This is an age that masquerades as the age of rationality. The age of economic yardsticks, of 'pure' reason; an age when God is popularly supposed to be dead; an age when humanity seems set, in fact, on achieving an old dream and becoming God. Soon, we are told, we will have a 'Theory of Eveything', and then everything will be explained, understood. This rather touching bit of hubris, of course, is not new, despite assurances to the contrary. It's as old as the other view: the view that we live in a world of wonders, both within and without. The view that there have always, and will continue to be, 'more on heaven and earth than is dreamed of in your philosophy. ' The mythological imagination which is a counterpart, and a partner, to the scientific imagination; that reveals while it conceals.
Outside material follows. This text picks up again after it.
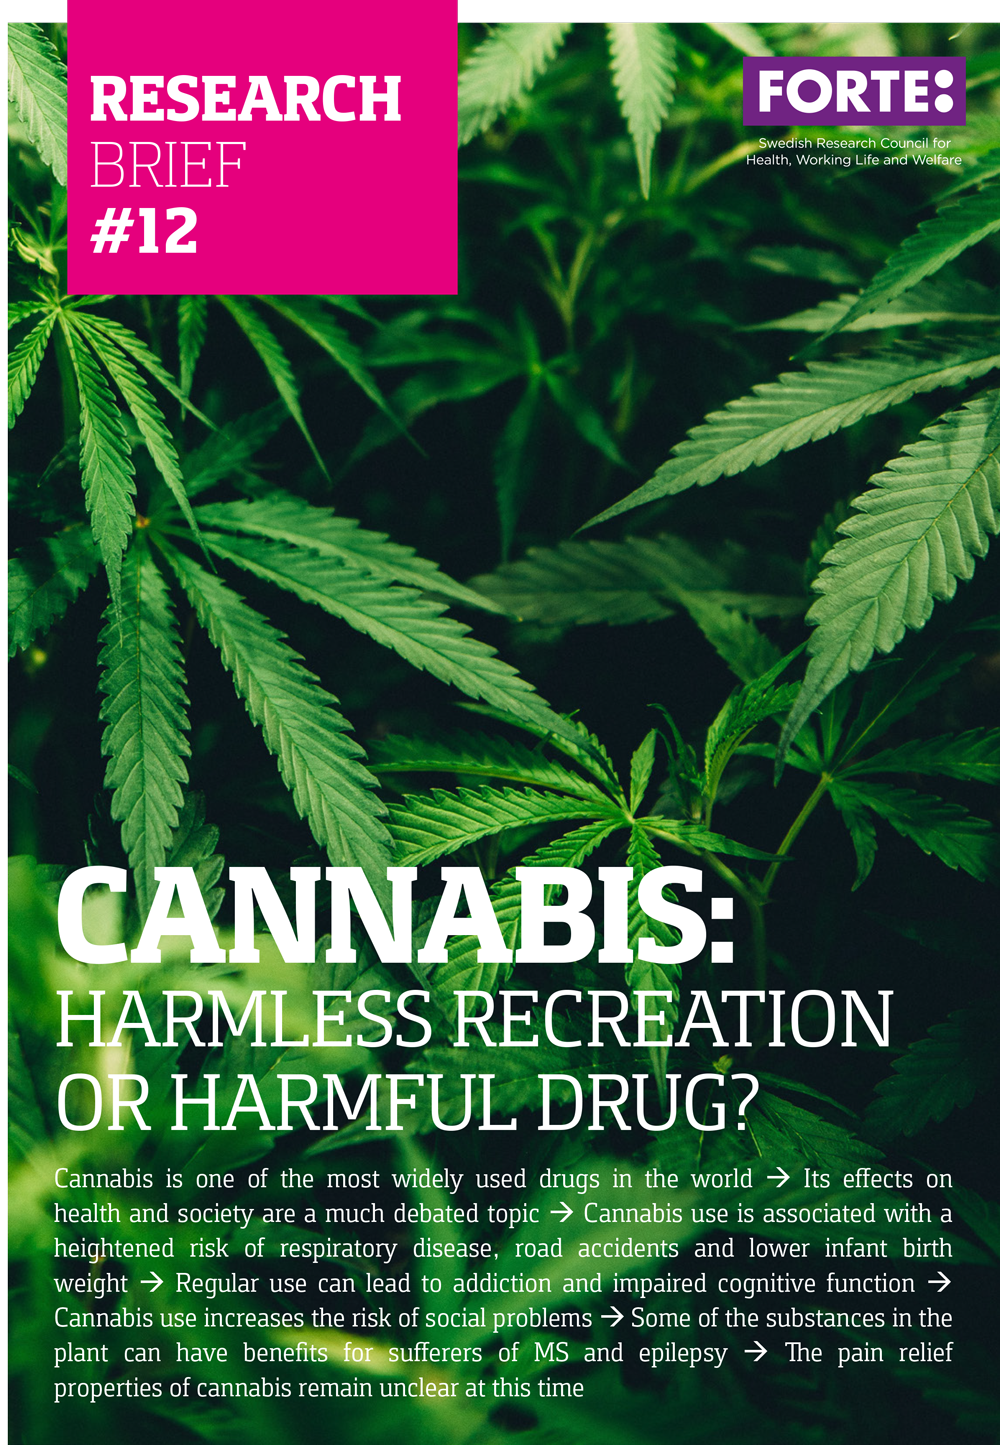 Research brief: Cannabis – harmless recreation or harmful drug?

And that is a view that is still as strong as it ever was. It has changed direction; but then it always has. It is no static thing. For great myths are not personal invention; they are images that reside deep in the human spirit, made tangible in story; they are spiritual truths which we do not grasp only with reason, but with feeling, with intuition, with sensation. Myth is a truth which we express in every fibre of our beings; but it is also a truth that inhabits the world itself. In an age such as ours, the end of the age of Pure Science, the beginnings of something as yet undefined, what appear to be new myths have arisen.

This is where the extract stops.